Ball pins are installed in the outer rod ends, with which the steering rods are connected to the swing arms of the front suspension struts. When the rack moves, the rods rotate the front suspension struts.

The length of the tie rods can be changed by rotating the adjusting bushings and thereby changing the toe-in of the front wheels.

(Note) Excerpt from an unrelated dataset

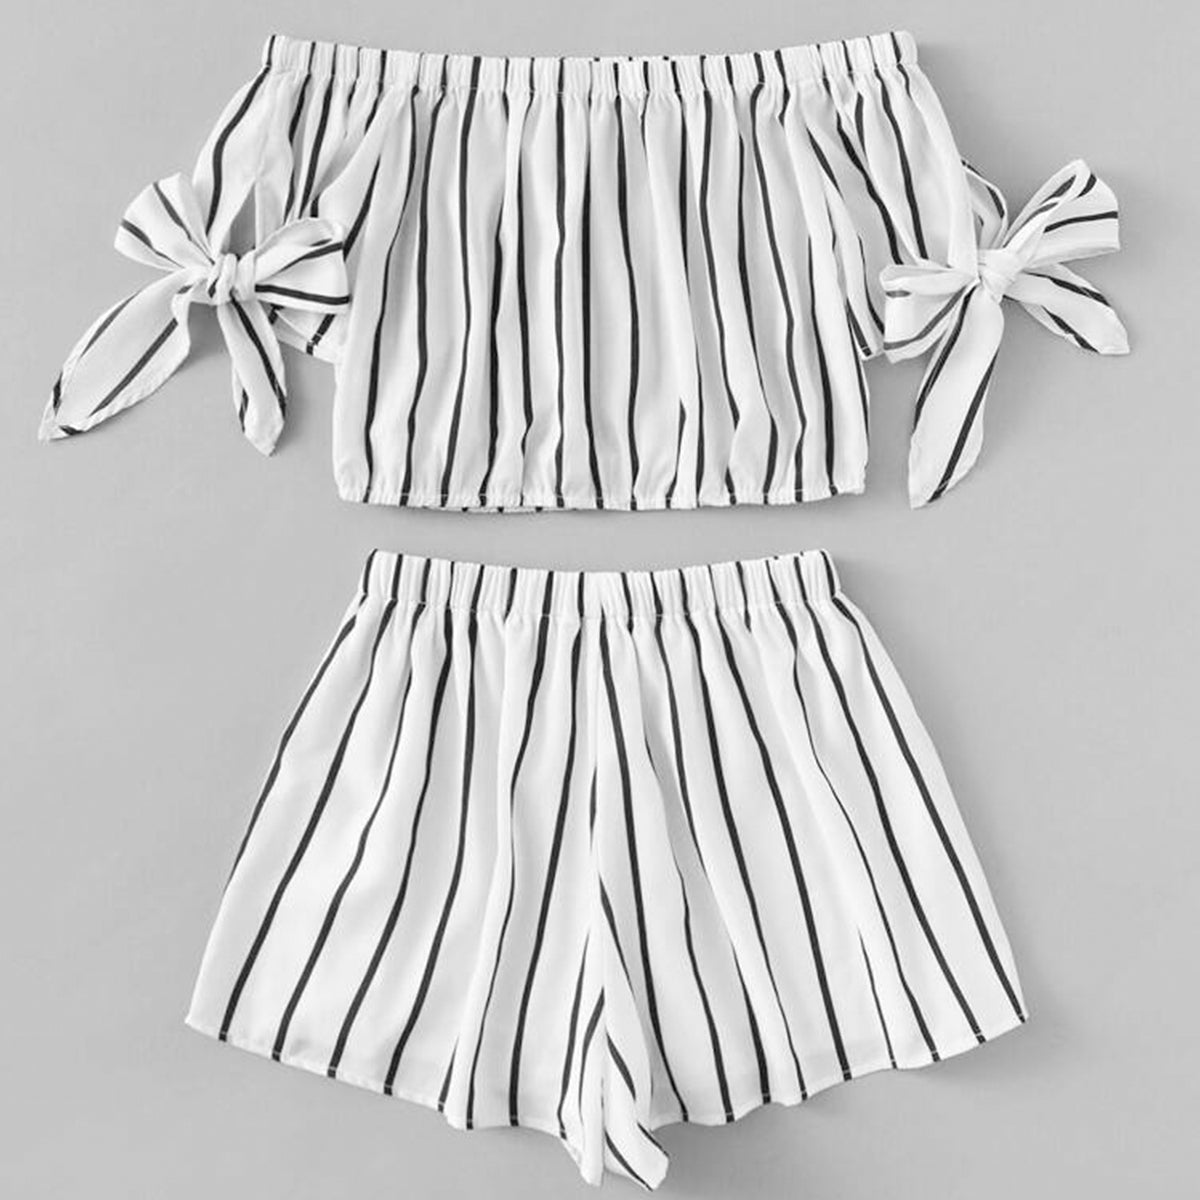 BabyGirl's Off Shoulder Top And Stripes Shorts Set For Kids.

The bushings are secured against spontaneous rotation by tightening bolts wrapped in the flanges of the tie rod ends.

Fig.32. Steering Lada Granta/Kalina

1 — tie rod end; 2 — adjusting sleeve; 3, 6 — brackets for fastening the steering mechanism; 4, 5 tie rods; 7 right protective cap; 8 — right steering gear support; 9 – protective cover of the steering mechanism; 10 — steering mechanism; 11 - seal; 12 — intermediate shaft with lower universal joint; 13 — upper universal joint; 14 — steering column with electric power steering; 15 — steering wheel; 16 — contact ring; 17 — steering wheel fastening nut; 18 — steering wheel pad (driver airbag); 19 steering shaft bearings; 20 left protective cap; 21 left steering gear support

Checking the steering of Lada Granta/Kalina

Visually check the condition of the protective covers of the tie rod ends and steering mechanism. Damaged covers (torn, cracked) must be replaced.

Make sure that the steering column locking lever is raised all the way. Trying to move the steering wheel in a vertical plane, we check that the steering column is securely fastened with the locking mechanism.

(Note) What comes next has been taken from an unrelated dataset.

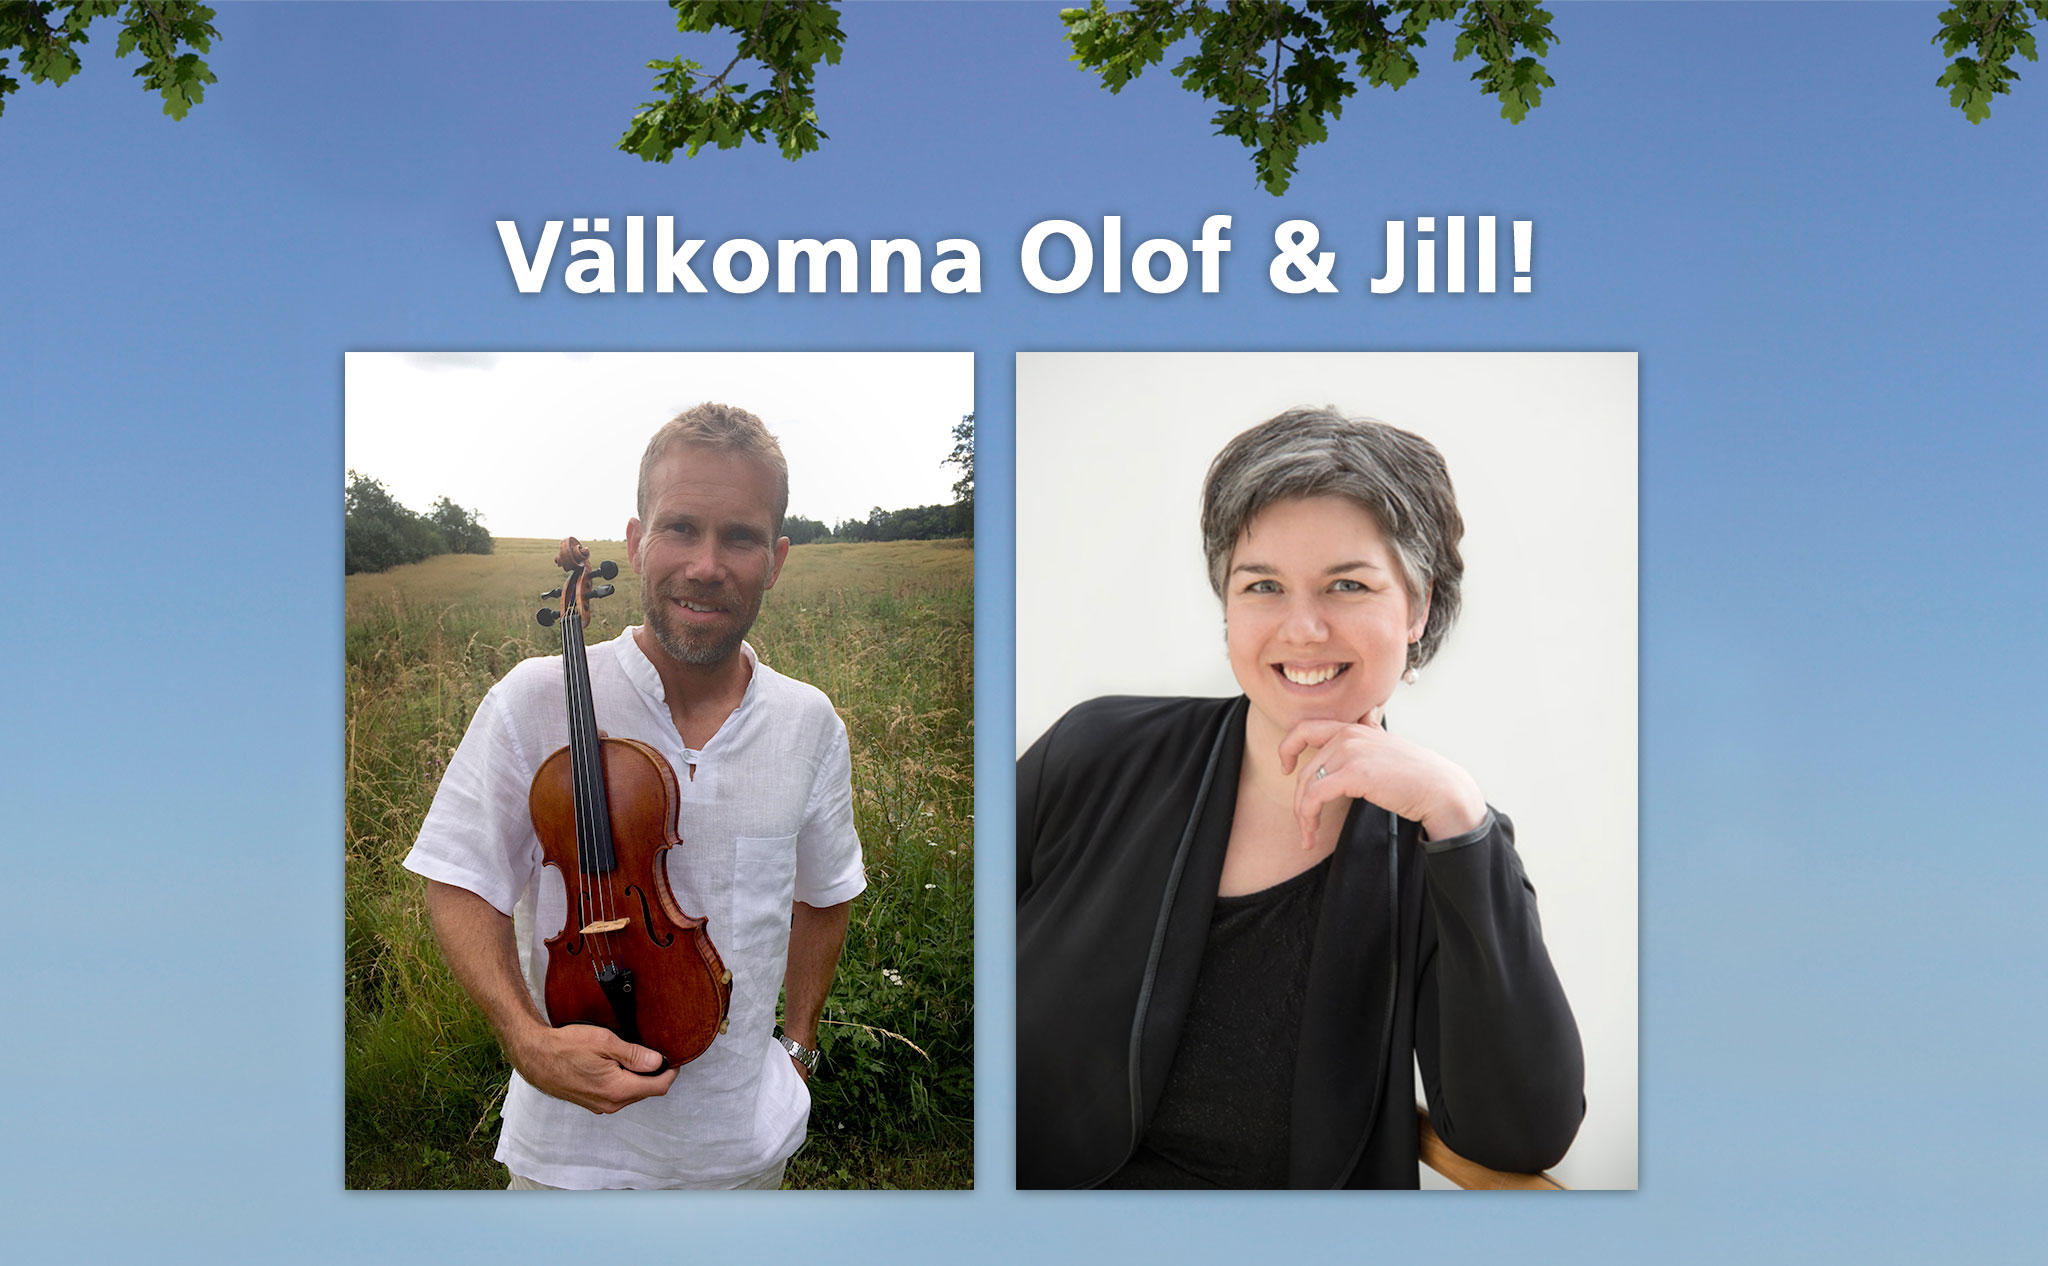 Porträttbilder på Olof och Jill med texten "Välkomna Olof & Jill"

If the steering column of the Lada Kalina/Granta VAZ-2190 moves, remove the steering column lining and use a 13 mm wrench to tighten the nut of the steering column fixing lever axis.

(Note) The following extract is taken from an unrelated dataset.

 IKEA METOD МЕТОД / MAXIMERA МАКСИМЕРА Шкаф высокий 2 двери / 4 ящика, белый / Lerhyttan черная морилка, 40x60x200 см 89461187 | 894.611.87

Trying to move the steering wheel along the axis of the steering shaft, we make sure that there is no play in the steering wheel on the splines of the shaft and shaft in the steering column.

To check the play in the steering, turn the steering wheel to the position corresponding to straight forward movement. We place a slotted screwdriver on the instrument panel so that its blade is located next to the rim of the steering wheel (for reliability, it can be secured with masking tape).

Turning the steering wheel to the right until the wheels begin to turn (selecting play), and then to the left and using the blade of a screwdriver as a guide, use chalk, pieces of wire, or otherwise mark these positions on the rim. The play should not be more than 5″ (or 18 mm) when measured along the outside of the rim.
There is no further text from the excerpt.